Kluge also said estimates showed that one in 30, or some 36 million people, in the region had experienced so called “long Covid” in the last three years, which “remains a complex condition we still know very little about.”

“Unless we develop comprehensive diagnostics and treatment for long Covid, we will never truly recover from the pandemic,” Kluge said, encouraging more research in the area which he called an under-recognised condition.

Most countries in Europe have dropped all Covid safety restrictions but some face mask rules remain in place in certain countries in places like hospitals.

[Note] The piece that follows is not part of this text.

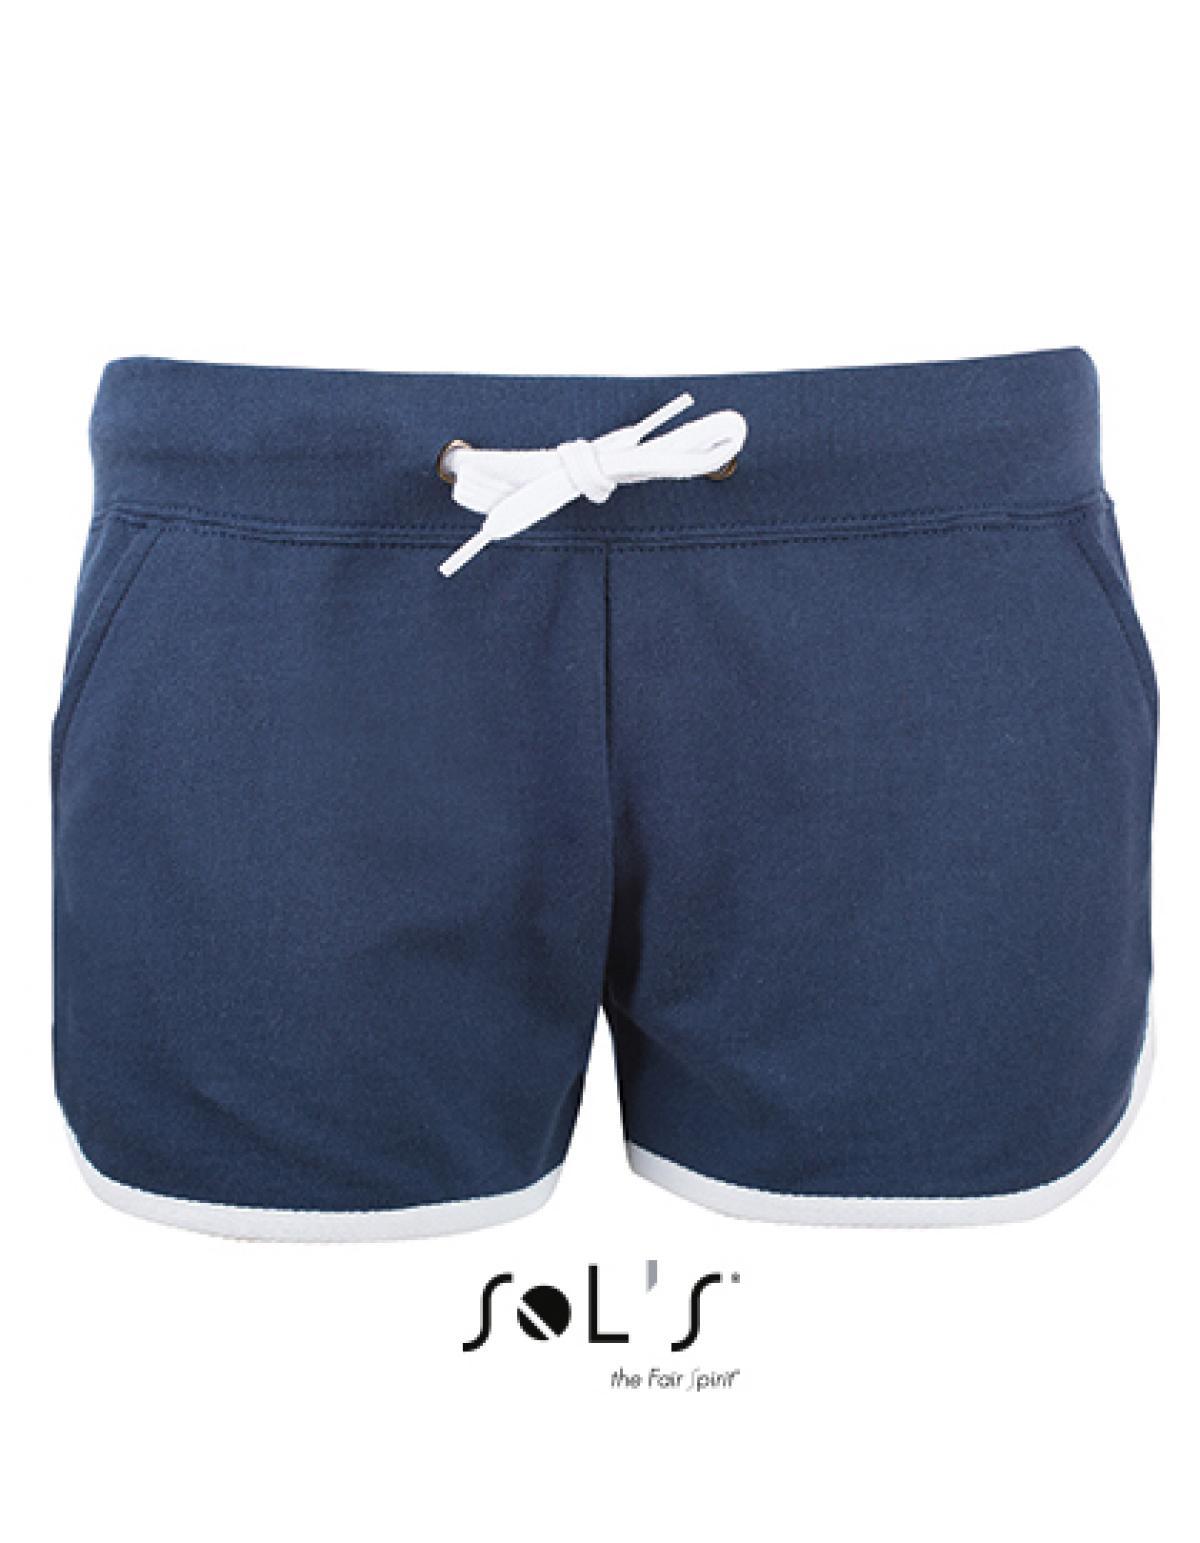 womens shorts juicy kurze damen sport hose rexlander s. Black Bedroom Furniture Sets. Home Design Ideas
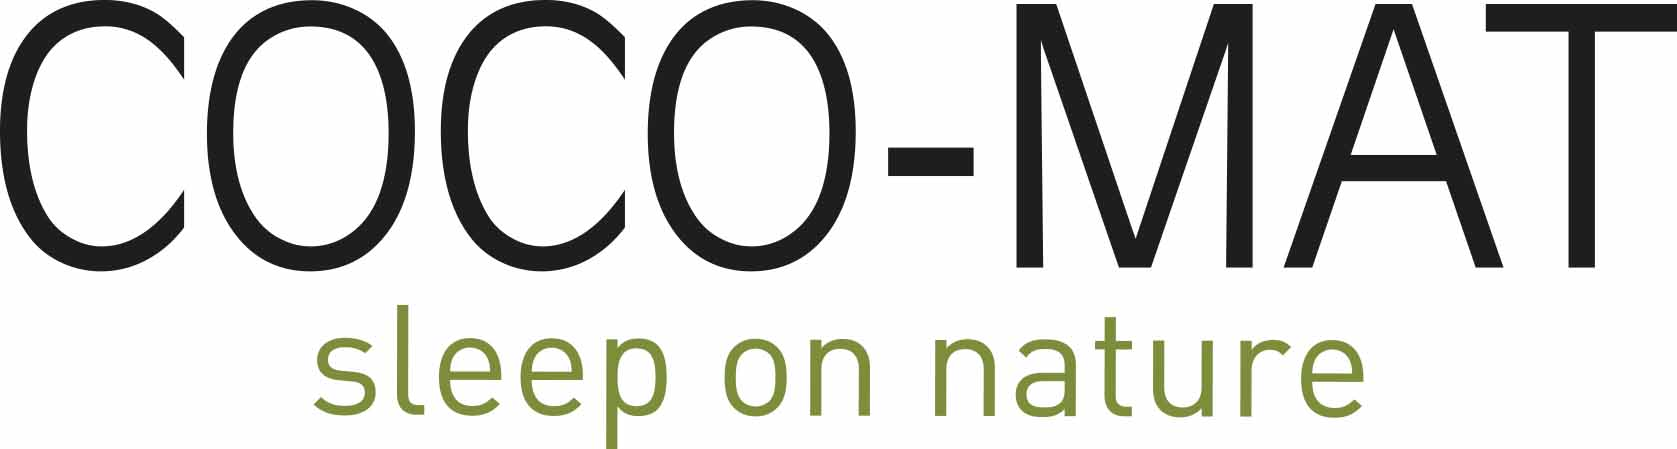 CocoMat_logo_print.jpg

Although Spain announced this week that face masks will no longer be required in certain healthcare settings, including hospitals and pharmacies, with a couple of exceptions.

Sweden will from July 1st remove some of its remaining Covid recommendations for the public, including advice to stay home and avoid close contact with others if you’re ill or have Covid symptoms.

The health body also urged vigilance in the face of a resurgence of mpox, having recorded 22 new cases across the region in May, and the health impact of heat waves.